(ENTRIES PROVIDED begins)

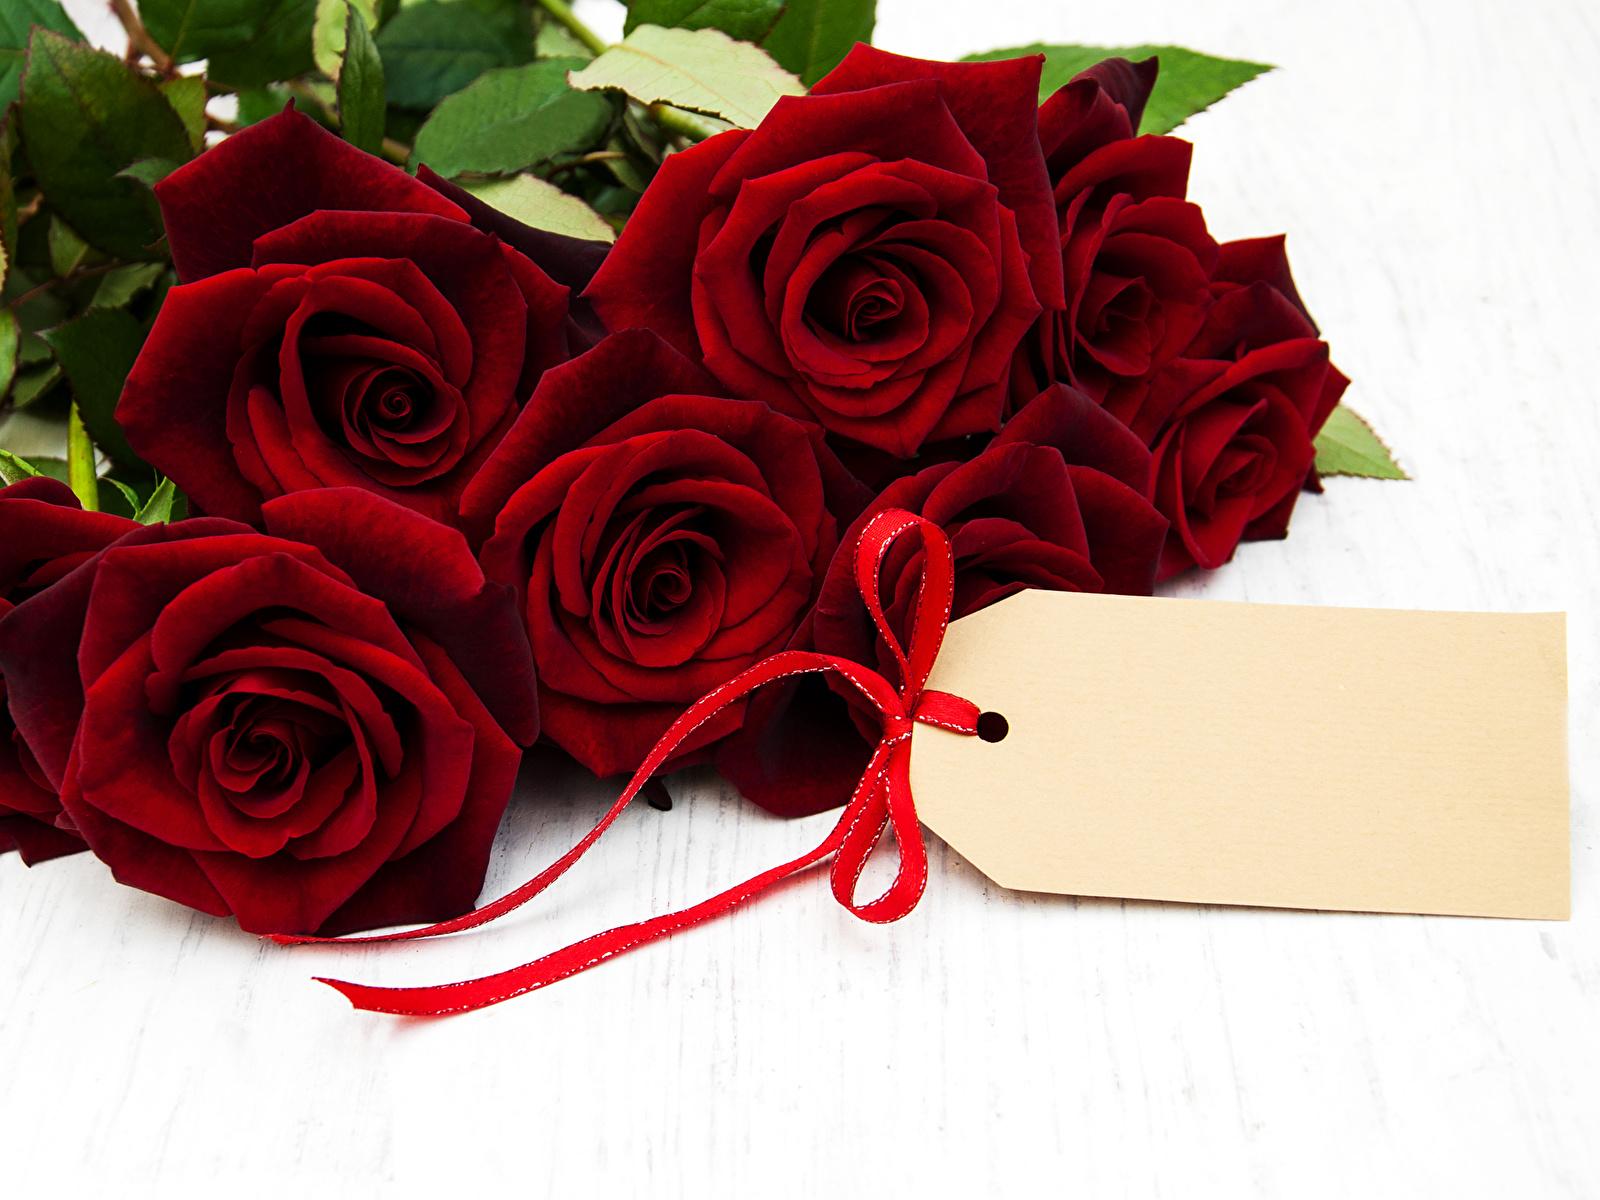 Открытки букеты из роз или просто одиночные розы - 3D галерея 15
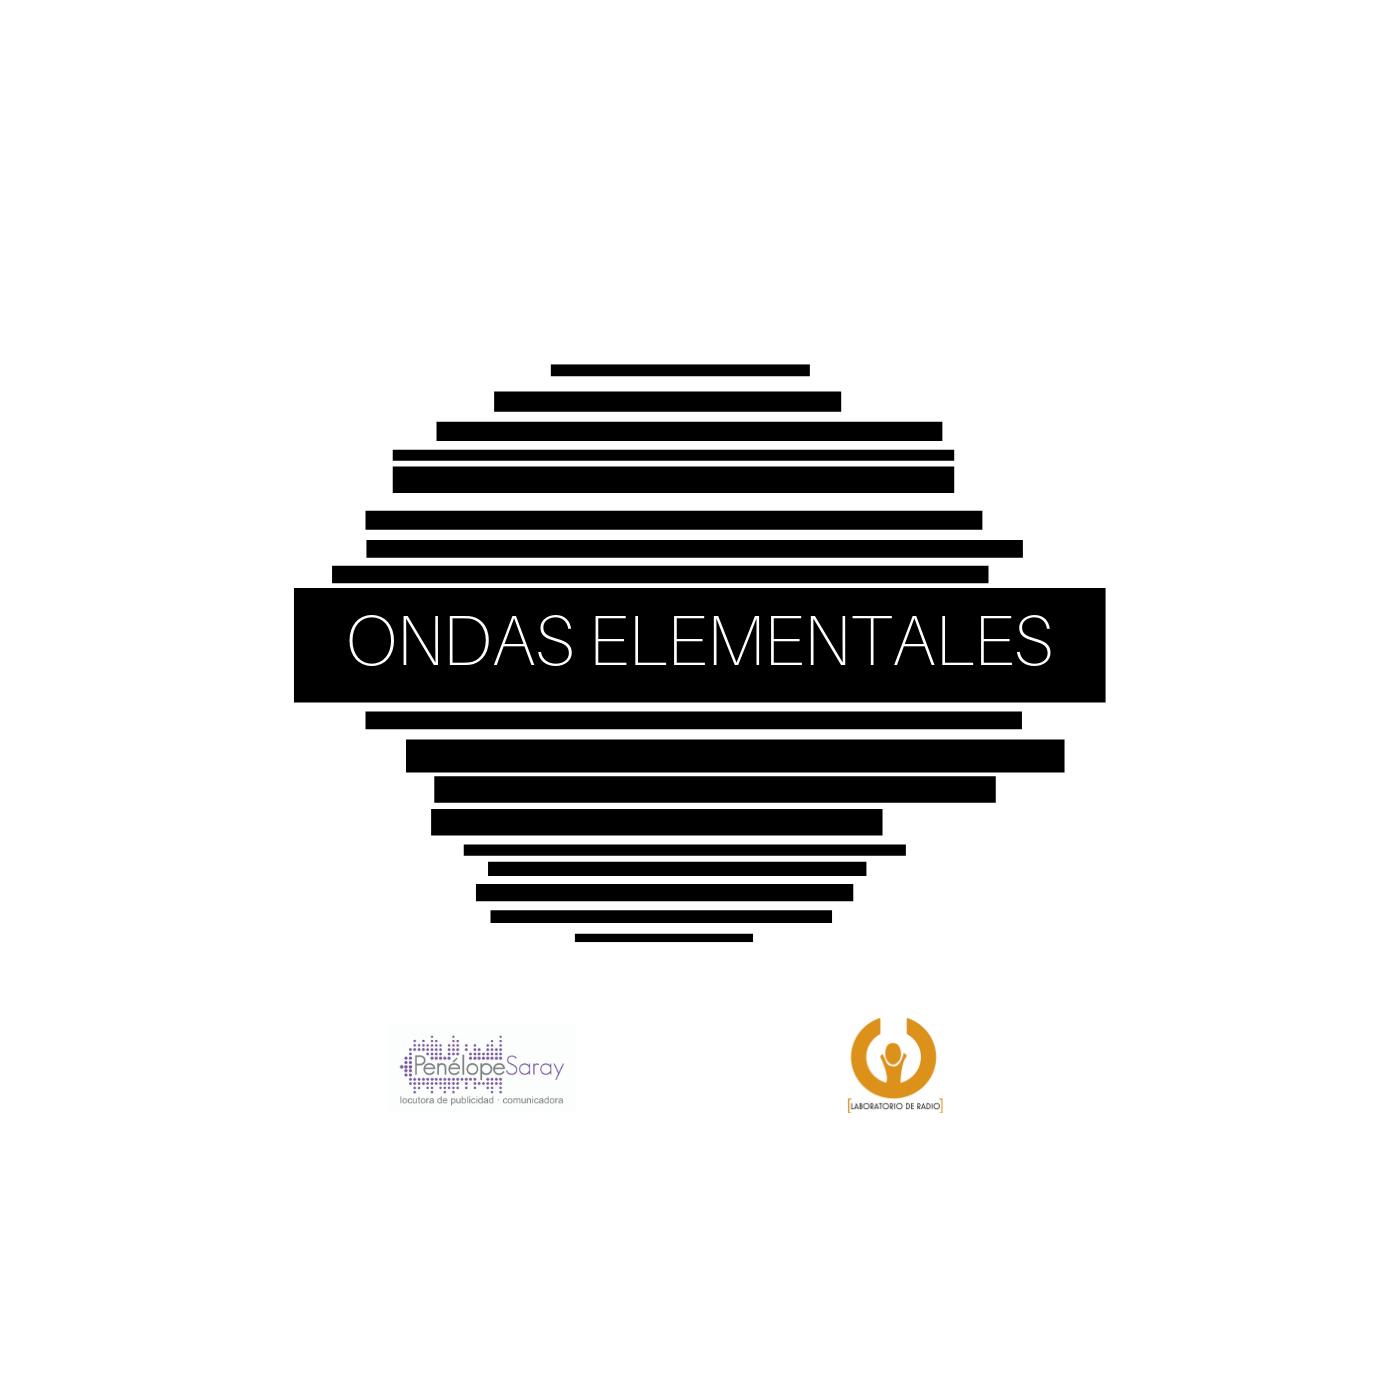 Ondas Elementales
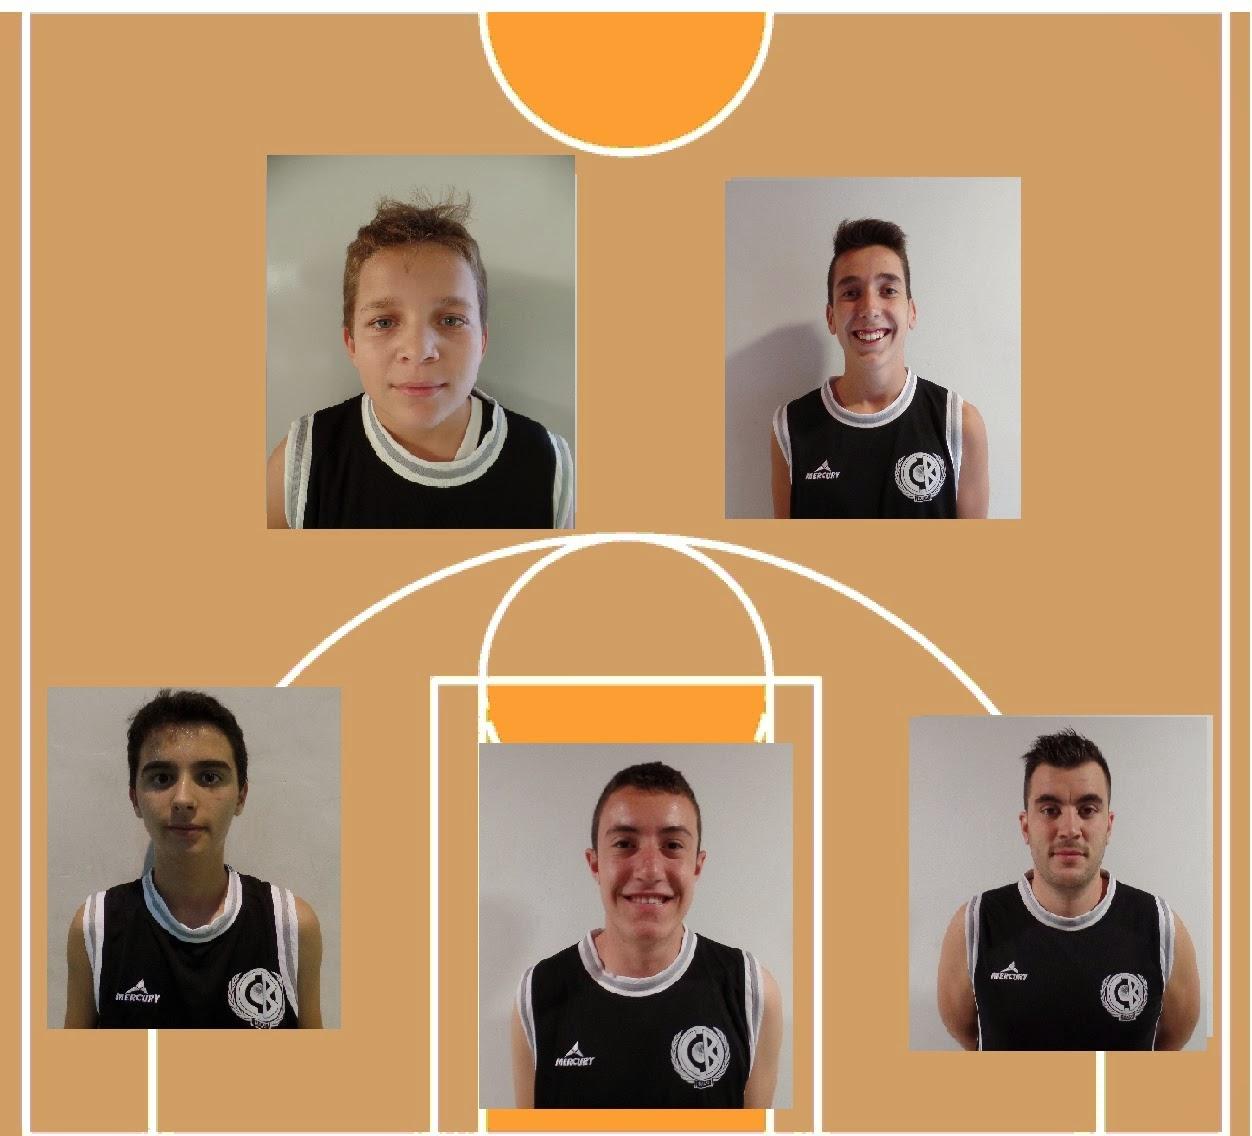 Club Baloncesto Bullas: Resumen de la jornada. Quinteto ideal. Vídeo ...
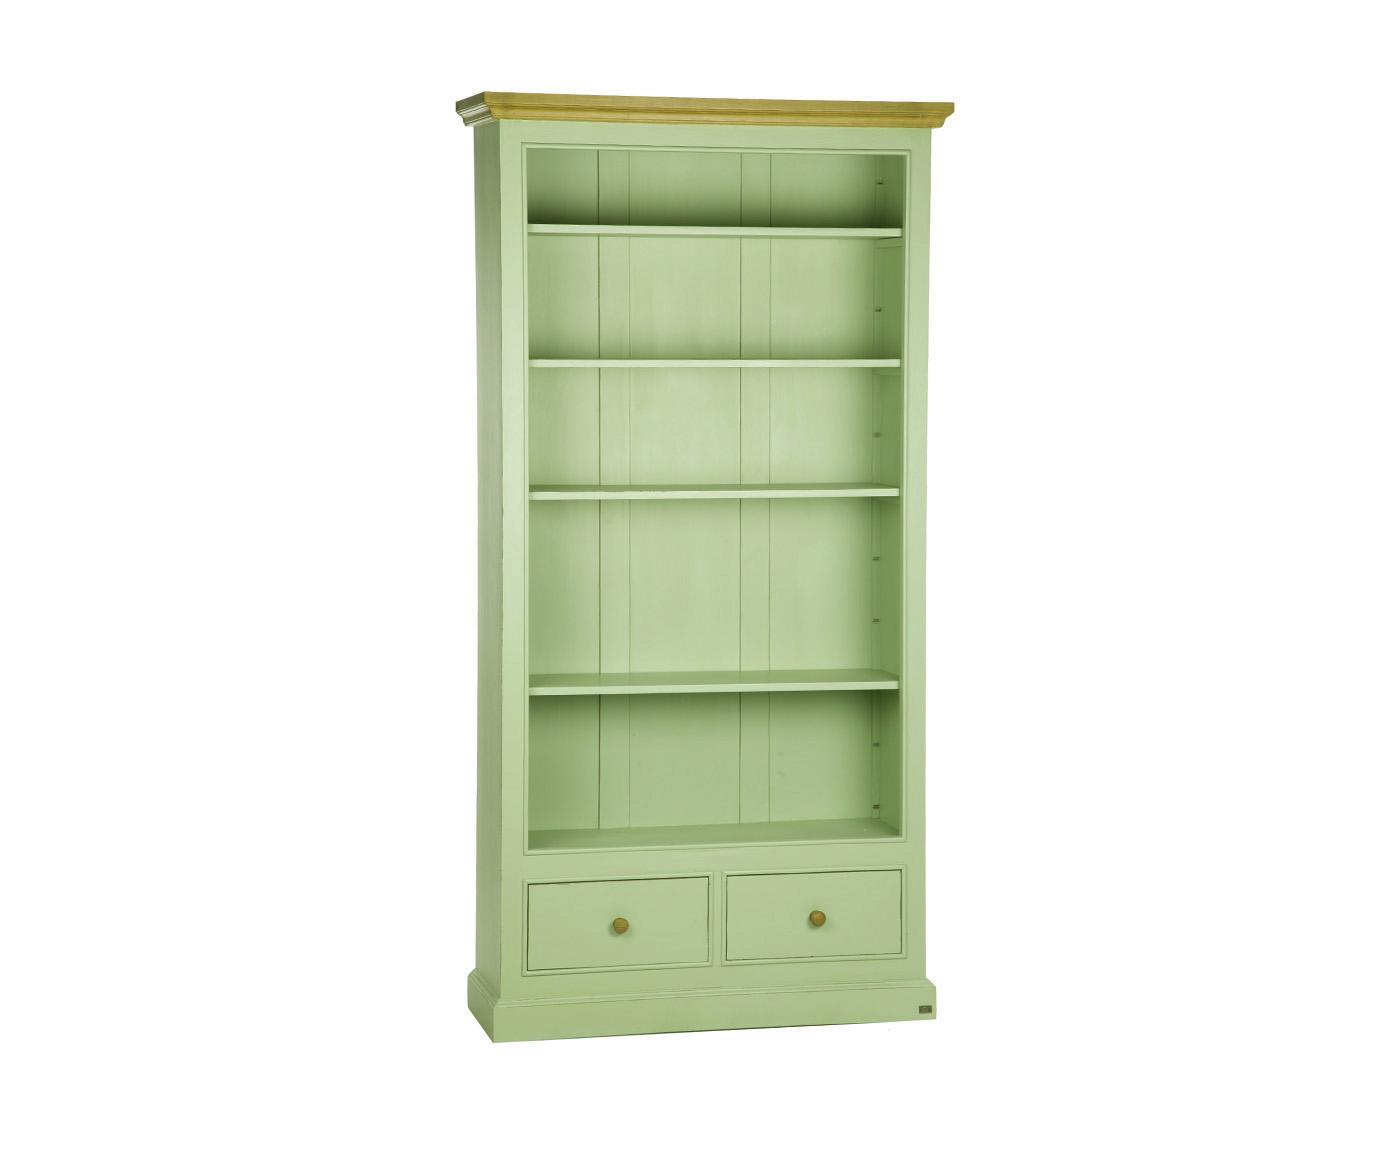 Книжный шкаф-стеллажКнижные шкафы и библиотеки<br>Несомненным преимуществом цветной мебели &amp;quot;Кантри&amp;quot; является ее высокое качество. Коллекция изготовлена в Румынии и выполнена полностью из массива дерева (средиземноморская сосна). Мебель &amp;quot;Кантри&amp;quot; &amp;amp;nbsp;рассчитана на длительное и активное использование.<br>Кроме того, большая часть предметов коллекции  &amp;quot;Кантри&amp;quot; покрыта двумя слоями красок разных цветов и запатинирована. Искусственная состаренность придает мебели особый теплый деревенский шарм.&amp;lt;div&amp;gt;&amp;lt;br&amp;gt;&amp;lt;/div&amp;gt;&amp;lt;div&amp;gt;Книжный шкаф-стеллаж на 4 полки с 2 ящиками, ручки - античное покрытие.&amp;lt;/div&amp;gt;<br><br>Material: Сосна<br>Length см: 0<br>Width см: 108<br>Depth см: 38<br>Height см: 211<br>Diameter см: 0
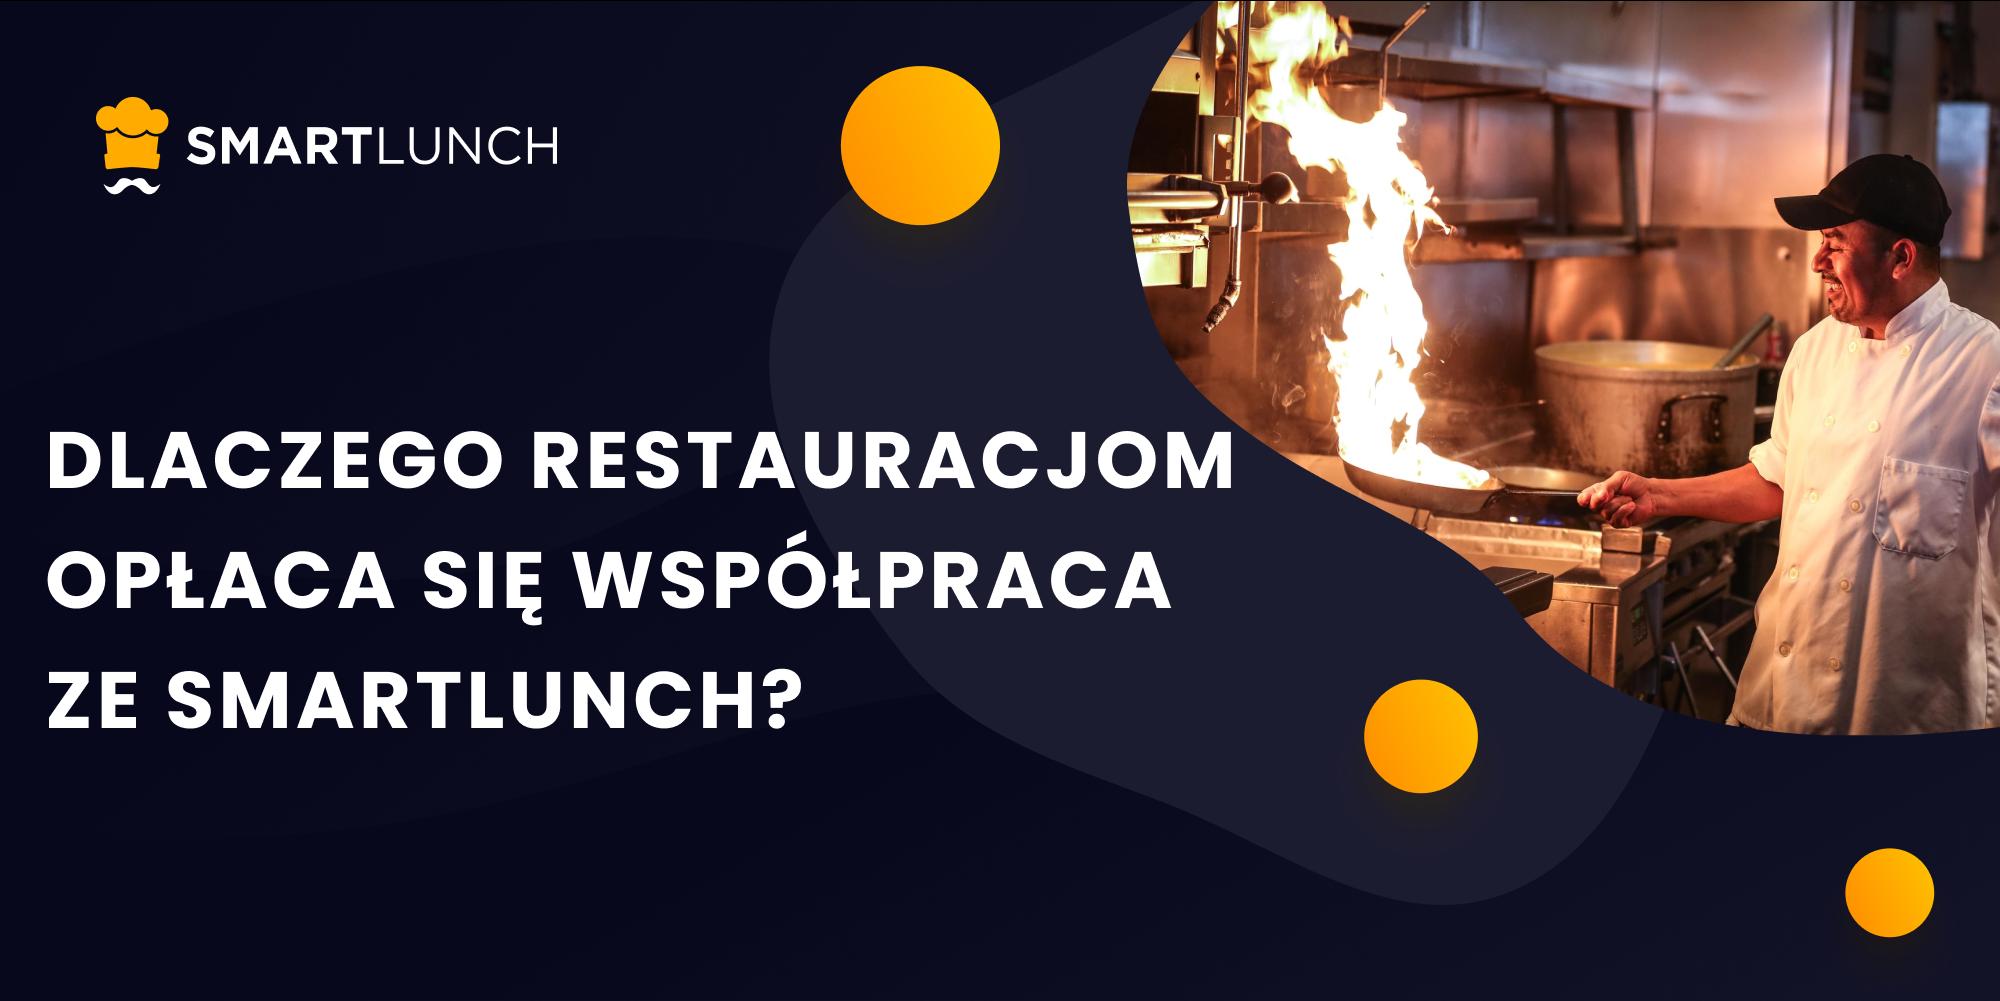 Dlaczego restauracjom opłaca się współpraca ze SmartLunch?

(ENTRIES PROVIDED ends)

Rewrite the data above exactly as given, but omit the images.

WRITTEN RESPONSE ▸
 Открытки букеты из роз или просто одиночные розы - 3D галерея 15
 Ondas Elementales
 Club Baloncesto Bullas: Resumen de la jornada. Quinteto ideal. Vídeo ...
 Книжный шкаф-стеллажКнижные шкафы и библиотеки<br>Несомненным преимуществом цветной мебели &amp;quot;Кантри&amp;quot; является ее высокое качество. Коллекция изготовлена в Румынии и выполнена полностью из массива дерева (средиземноморская сосна). Мебель &amp;quot;Кантри&amp;quot; &amp;amp;nbsp;рассчитана на длительное и активное использование.<br>Кроме того, большая часть предметов коллекции  &amp;quot;Кантри&amp;quot; покрыта двумя слоями красок разных цветов и запатинирована. Искусственная состаренность придает мебели особый теплый деревенский шарм.&amp;lt;div&amp;gt;&amp;lt;br&amp;gt;&amp;lt;/div&amp;gt;&amp;lt;div&amp;gt;Книжный шкаф-стеллаж на 4 полки с 2 ящиками, ручки - античное покрытие.&amp;lt;/div&amp;gt;<br><br>Material: Сосна<br>Length см: 0<br>Width см: 108<br>Depth см: 38<br>Height см: 211<br>Diameter см: 0
 Dlaczego restauracjom opłaca się współpraca ze SmartLunch?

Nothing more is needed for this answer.